How safe is school? UK parents & pupils share their thoughts
Whether children would return to school this September was very hit and miss for a while, however now they have, we wanted to find out your opinions on how the last week has been and whether you and your children are comfortable with the measures schools have put in place.
Surveying more than 2000 parents across the country, we have discovered that more than two fifths (44%) feel that schools do not have enough safety precautions in place to protect their children from COVID-19, with almost a third (29%) confirming that your child doesn’t feel safe either.
Discussing this further we found that the majority (73%) are worried about their child contracting the virus when at school, however 30% aren’t concerned for their child’s own health, but the possible spread of infection to more vulnerable members of their family.
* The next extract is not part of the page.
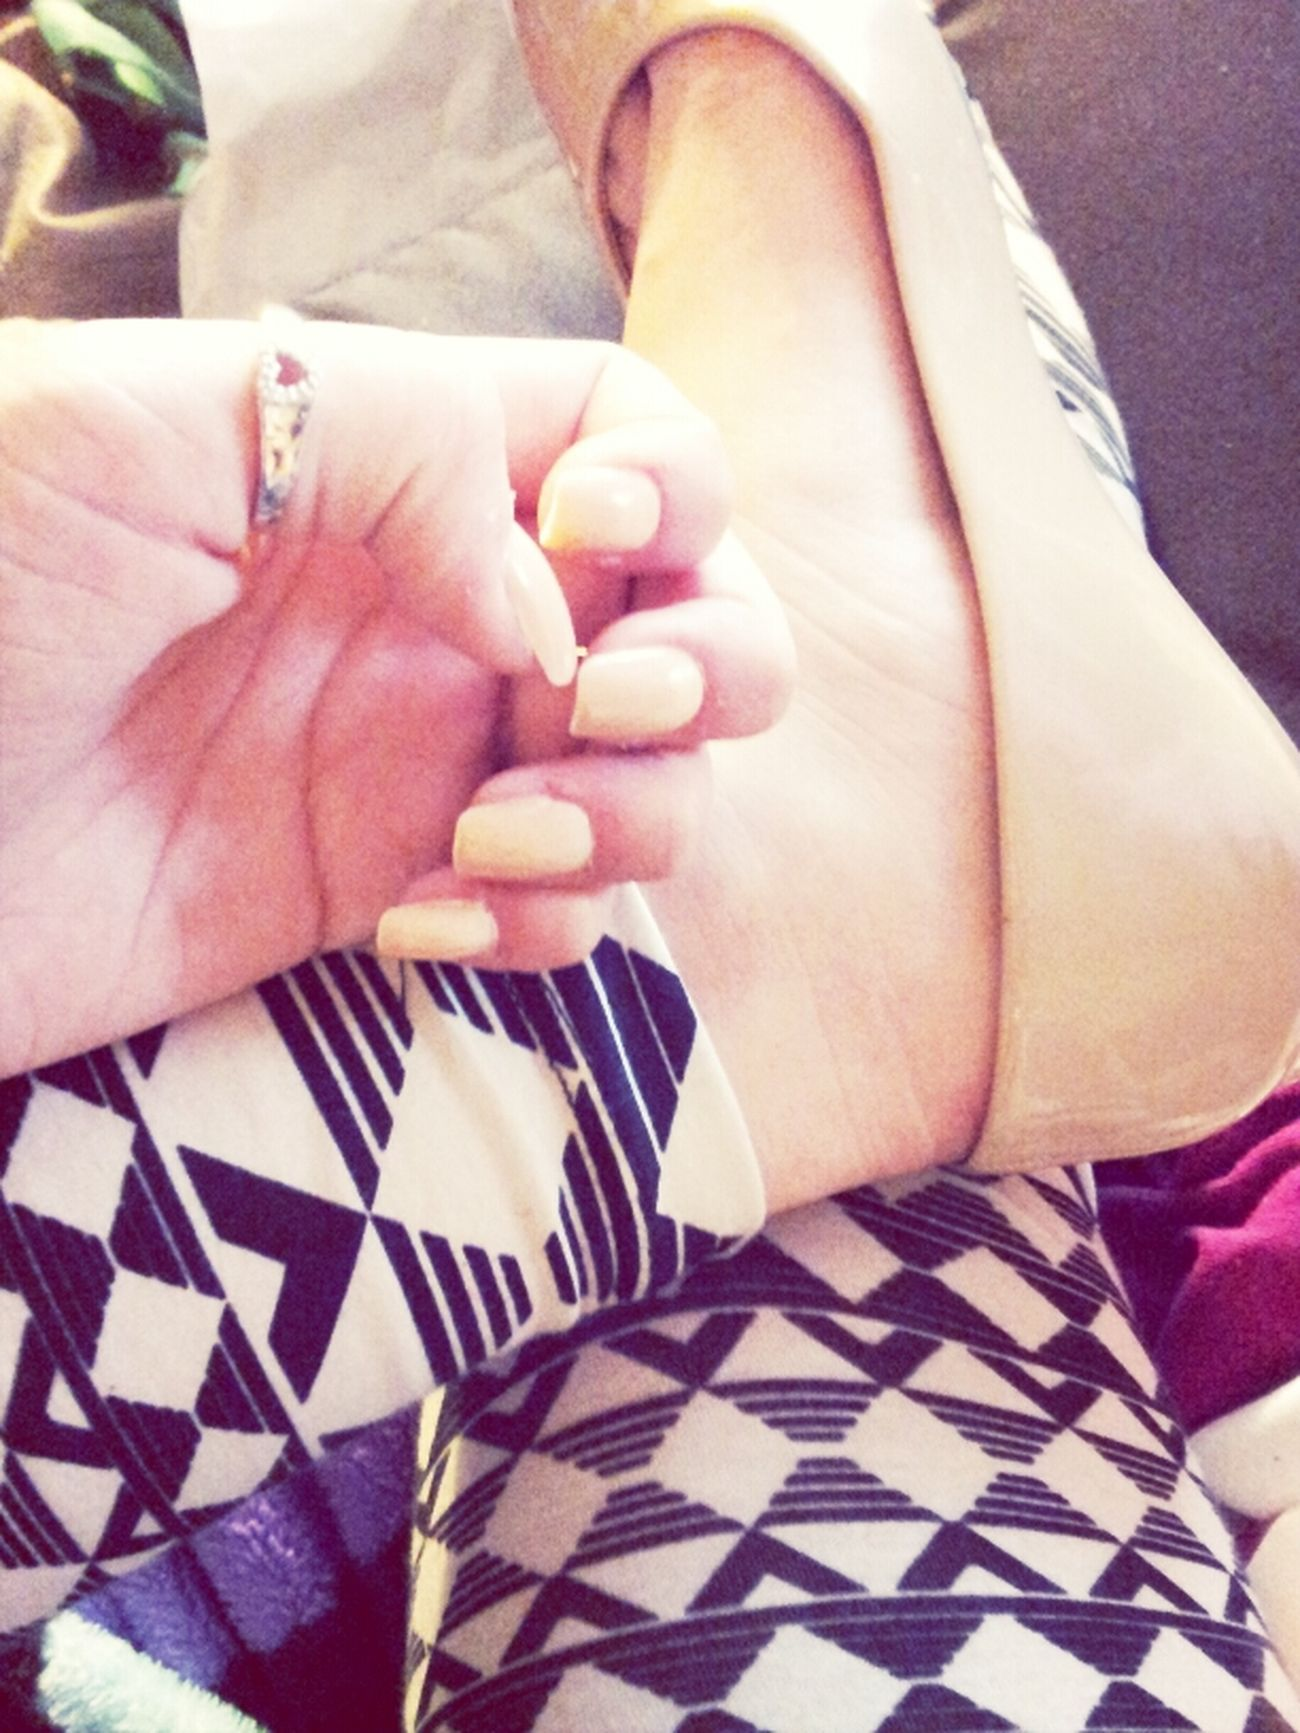 Tribal Leggings Neud Nails Neud Flats Patterned Leggings

Of the parents who are not worried about their child catching the virus at school, half (50%) stated it is because they believe children are ‘practically immune’ to COVID-19.
In the poll we also asked you about your children’s school’s response to going back and the COVID-19 safety precautions they’ve introduced. Results show that almost half of parents (49%) are happy with the measures in place, whereas two fifths (42%) don’t believe there are enough precautions to keep students safe and one in ten (12%) feel there are too many measures, to the point that it’s affecting children’s learning.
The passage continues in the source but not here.